Counter for acts_as_taggable
While working on yet another RoR (Ruby on Rails) project (which I hope to make public soon), I came across the need to extend the acts_as_taggable plugin to allow me directly view the number of items tagged by a 'Tag' object. My first thought was to extend the plugin functions and add a custom SQL query which would allow me to specify an ID of the taggable object and in return get the list of tags with the extra field. Result:
SELECT tags.name, count(*) AS count FROM taggings, tags
WHERE taggings.tag_id = tags.id AND taggings.tag_id IN
( SELECT taggings.tag_id FROM taggings WHERE taggings.taggable_id = ModelID )
GROUP BY tags.name
This is a slightly simplified case because I'm only tagging one Model class hence I do not require extra checks for taggable_type, but you get the idea.
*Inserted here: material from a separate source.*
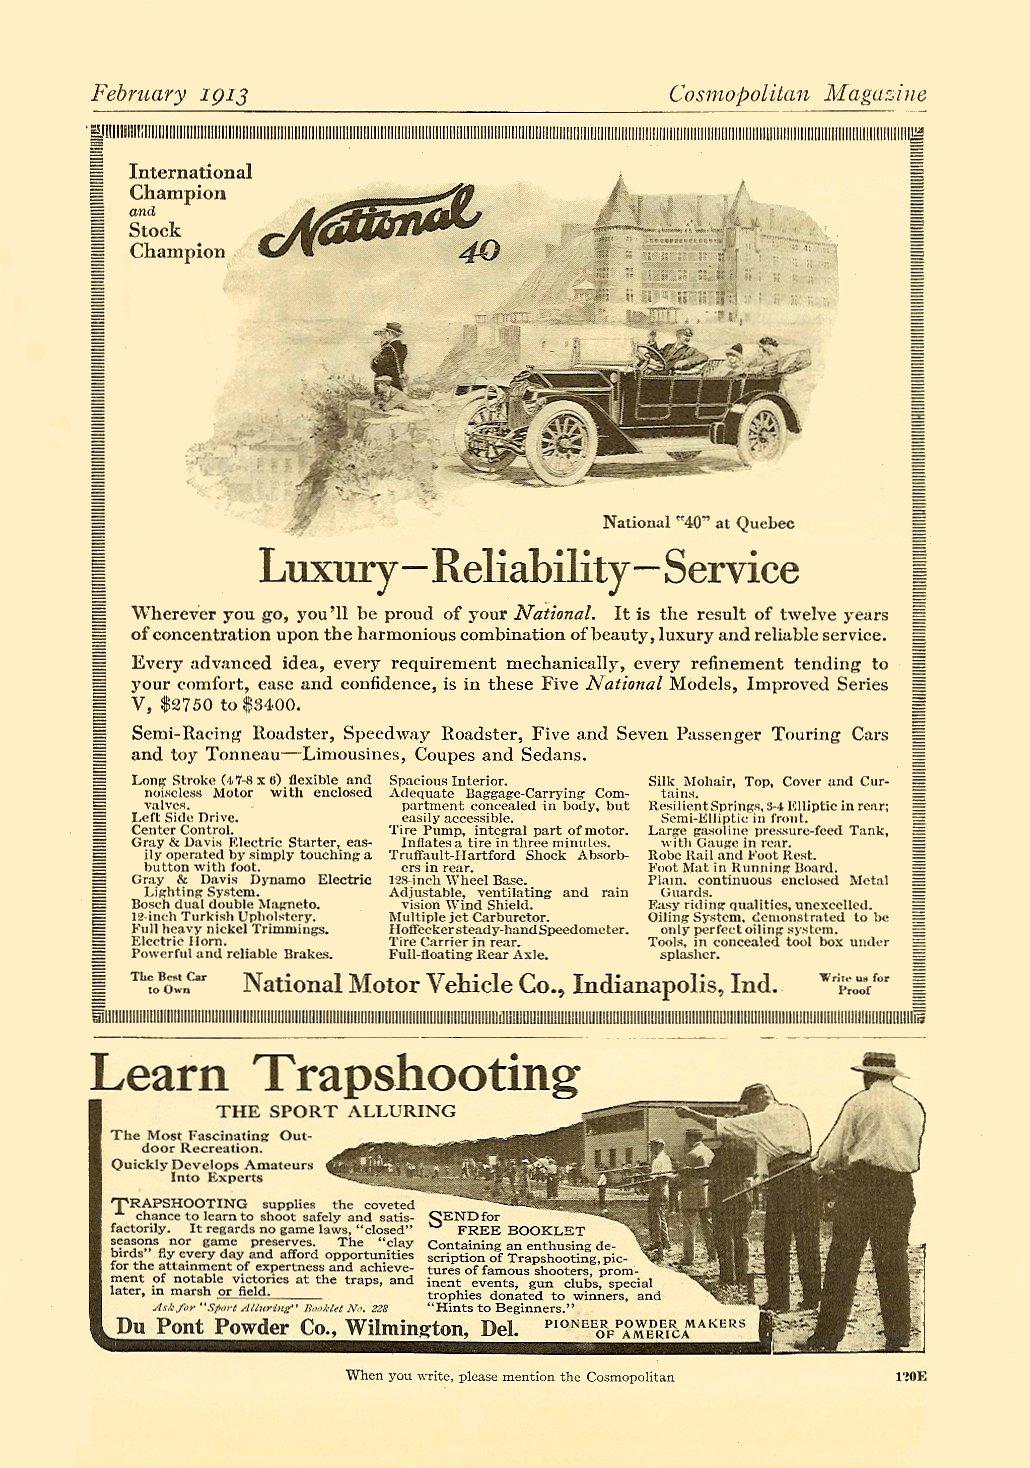 1913 2 NATIONAL National 40 Luxury-Reliability-Service February 1913 Cosmopolitan Magazine 6.75″x9.75″ page 120E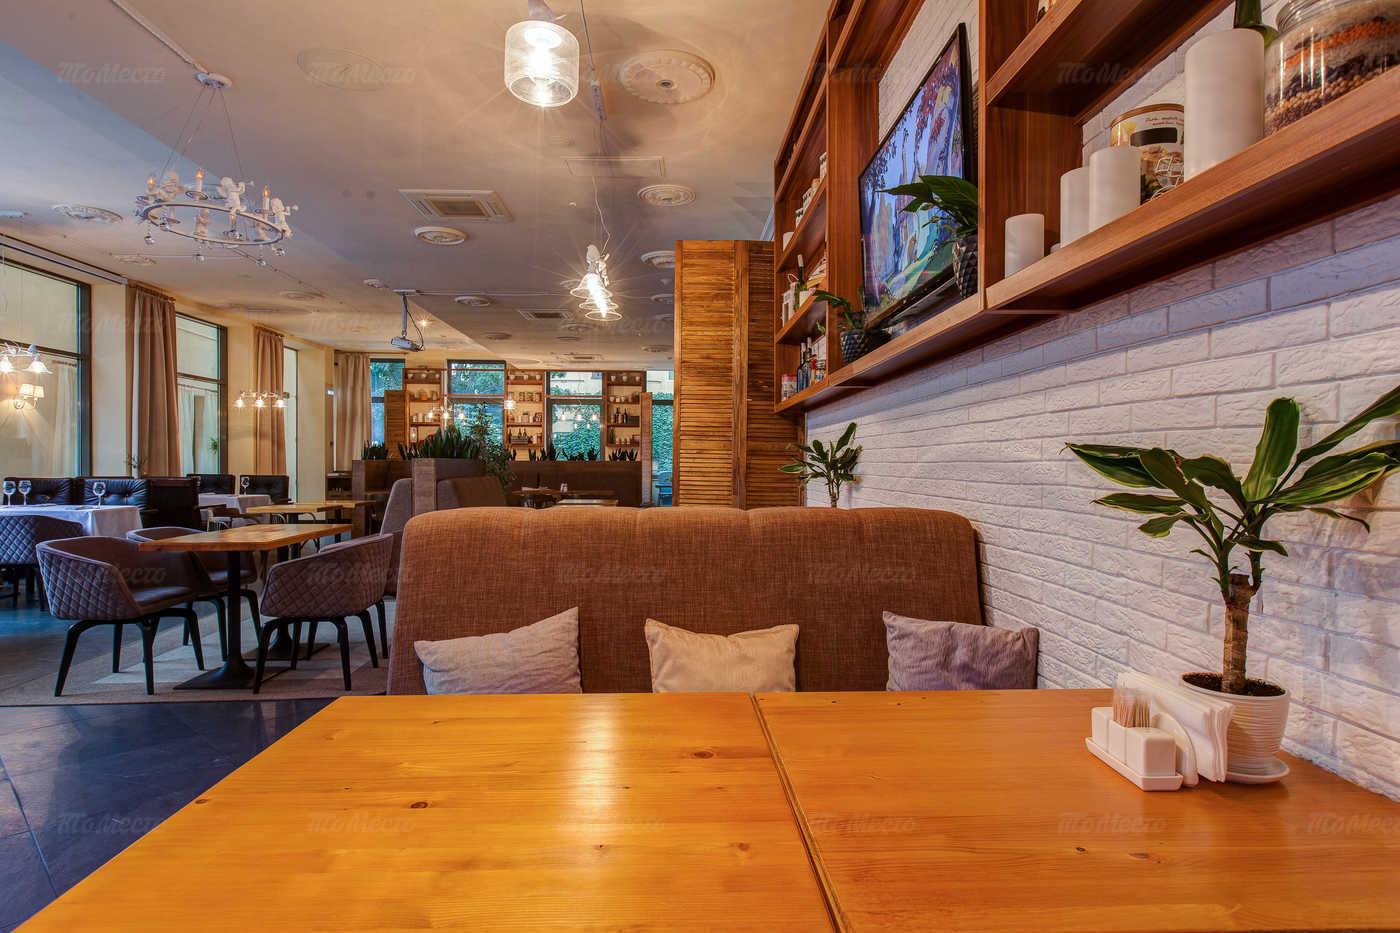 Меню ресторана Piccolo на Малом проспекте П.С.

However, while it works, it's not the prettiest solution either. Instead of a simple query I'm putting a lot of stress on the query optimizer here by requiring it to run a join and a nested query. "IN" statements are pure syntactic sugar, and you can rewrite the query above without it, but I left that to the query optimizer. (I'm going on a limb here and assuming that MySQL 4/5 optimizer is up to the task).Seeing how my first attempt worked out I started searching the RoR docs and sure enough, found exactly what I wanted: :tablename:_count
. This is an automagic field which can be added to the parent class of the belongs_to
relationship which will keep track of the number of children referring to it. Here is what we need to make it all happen:
--- tagging.rb ---
- belongs_to :tag
+ belongs_to :tag, :counter_cache => true
Note: make sure you have the :counter_cache => true
in your model, otherwise it just won't do anything useful. Next, modify the SQL table structure and add the :tablename:_count
column. Here is my migration file:
class ExtendTaggable < ActiveRecord::Migration
def self.up
add_column :tags, :taggings_count, :integer, :default => 0
end
def self.down
remove_column :taggings_count
end
end
Run rake and you're almost done. Now our Tag objects keep a cache count for the number of Taggings objects that refer to it. No need for convoluted SQL queries to extract same information and virtually no overhead. And last but not least, here is a quick demo function I used in my view template to show the results:
for tag in @model.tags
tag_string << "#{tag.name} (#{tag.taggings_count}), "
end
tag_string.chop.chop
Simple and easy, just the way we like it in Rails!